Our research was further motivated by our experience with the end users. While designing the algorithms, we received interest and remarks from European Police forces, local authorities and companies that deploy city-wide monitoring systems. It is worth mentioning that a vote carried out in 2014 among the residents of Krakow, Poland (approximately one million inhabitants), has obliged the local authorities to deploy a city-wide CCTV monitoring system. The city council advisory board has explicitly advised the implementation of a so-called “smart” monitoring system, capable of automated detection of threatening situations.
Krakow is not the only Polish city implementing monitoring systems.
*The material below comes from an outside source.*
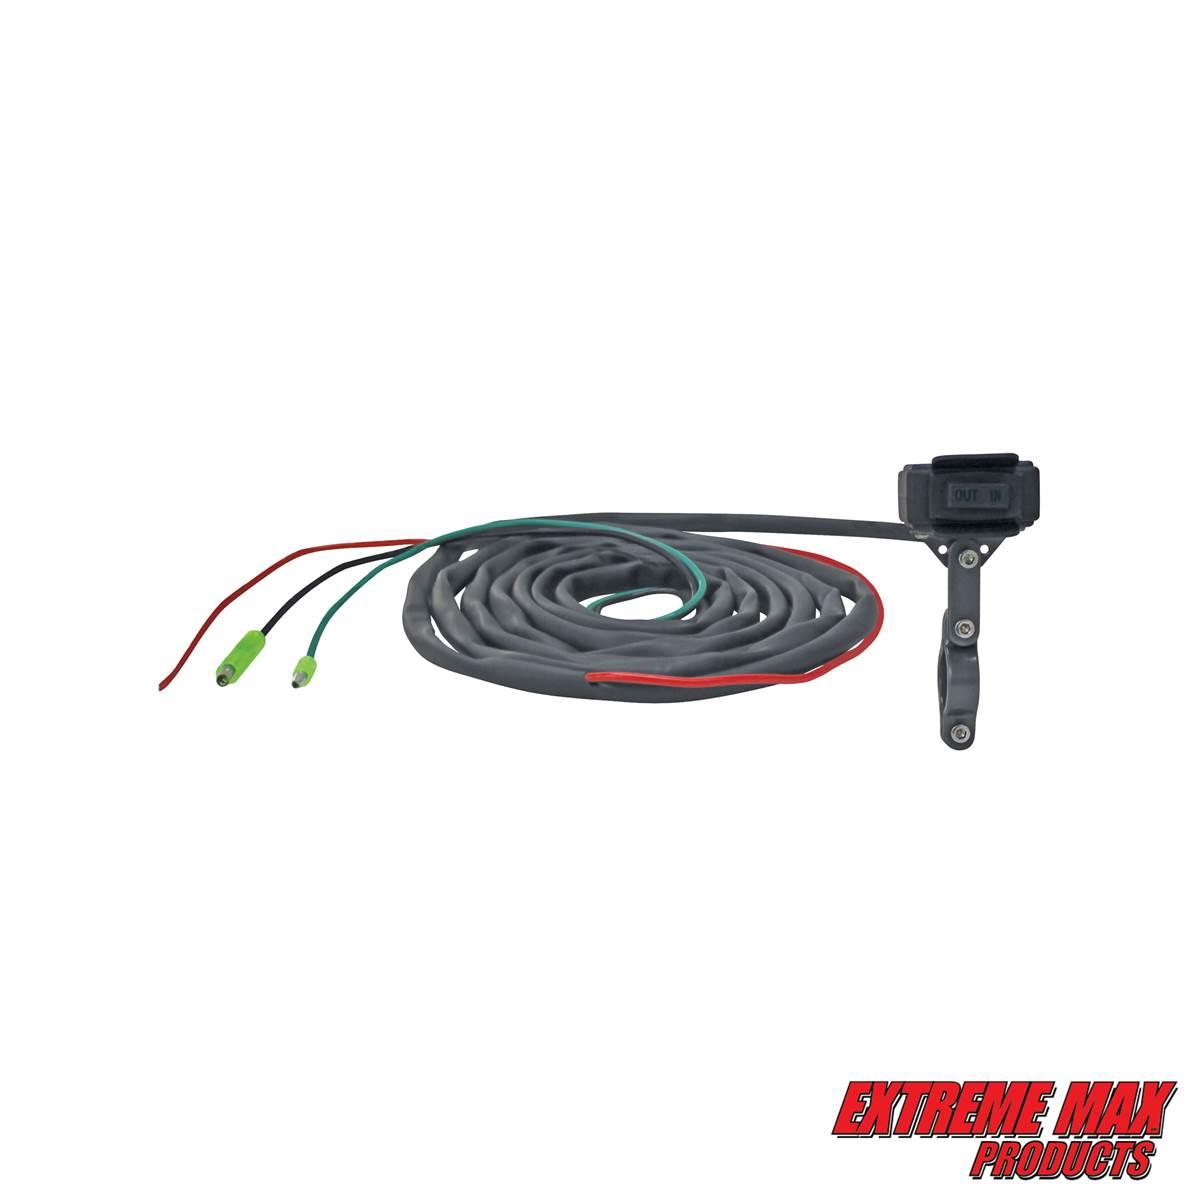 hight resolution of extreme max 5600 3175 universal waterproof atv winch handlebar remote rocker switch

The Wroclaw (also approximately one million inhabitants) video monitoring system has been operating since 2009 (the monitoring system consists of 103 cameras). The cameras managed to stop many of the perpetrators of acts of vandalism. The system developed in Poznan (approximately 500 thousand inhabitants), since 2000, currently has more than 450 cameras. The monitored areas showed a decrease in crime, according to police data: fights and beatings by 40%, drug offenses by approximately 60%, as well as a general decline in vandalism and pick-pocketing. Bydgoszcz (approximately 400 thousand inhabitants) has implemented a system consisting of 84 PTZ and 50 stationary cameras.
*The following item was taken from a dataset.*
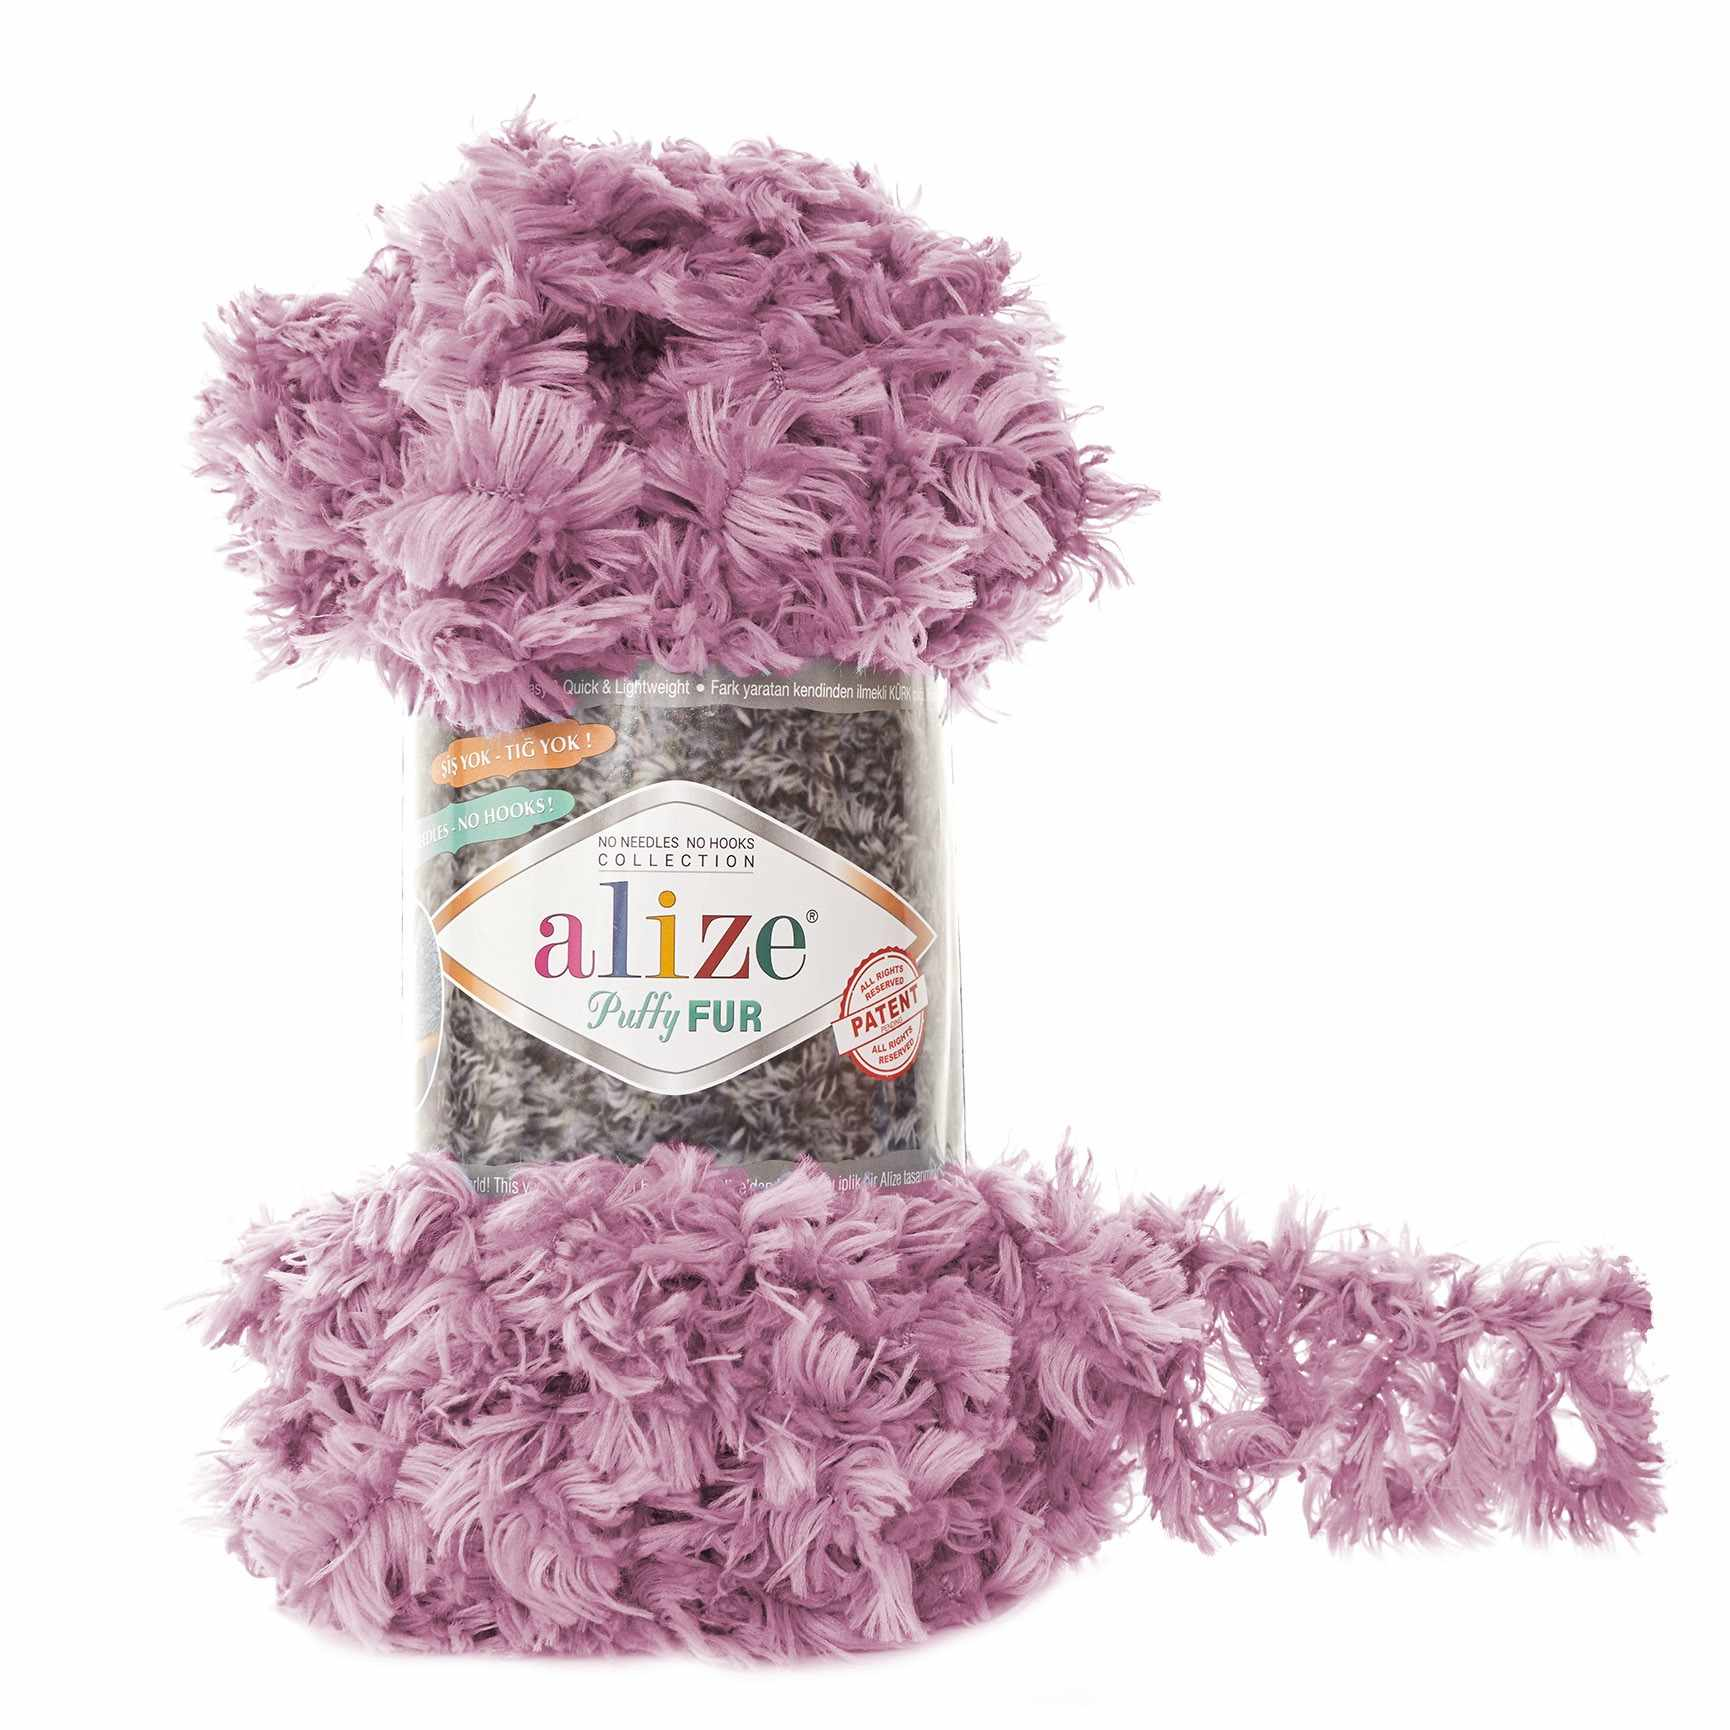 Пряжа Alize Puffy Fur Цвет.6103 Сирень

Among other European cities, it is worth mentioning London (approximately eight million inhabitants), where there is estimated to be over approximately 900,000 cameras, of which the police have access to 60,000 (Heathrow Airport alone is monitored by some 3000 cameras). Monitoring in London is considered a valuable source of information about crimes. In 2009, Scotland Yard used CCTV recordings during the investigation in 95% of the cases of murder. In contrast, Glasgow’s (approximately 600 thousand inhabitants) monitoring system, which is operated by “Glasgow Community Safety”, jointly owned by the City Council and the Scottish Police, has only 500 cameras.
In the U.S., Chicago (approximately three million inhabitants) has implemented a monitoring system with 22,000 cameras. Despite the initial reluctance of residents to install surveillance cameras when their use started bringing tangible benefits, the attitude of society has greatly improved. The use of monitoring resulted in statistically-significant improvement in security in the areas monitored, measured as the incidence of crime. Houston (approximately two million inhabitants) has almost 1000 cameras, which are accessible to the police; the number of cameras is growing steadily. Dallas (approximately one million inhabitants) has 40 cameras in the city center (31 of them are PTZ cameras; nine others are stationary). Cameras have been installed in other areas selected by the police (the police have 140 such cameras) as areas where crimes are committed most often. It was found that only 6% of the area of the city is responsible for 40% of the crimes committed. After installing the cameras, since 2007, there was a 35% to 60% decrease in the number of crimes committed in monitored areas. Baltimore (approximately 600 thousand inhabitants) has about 700 cameras, and the system has been developed since 2005. It has been observed that crime fell by 15% in the regions monitored, and the system allows the police to make more than 1200 arrests per year. Similar systems were also launched in Philadelphia and San Jose.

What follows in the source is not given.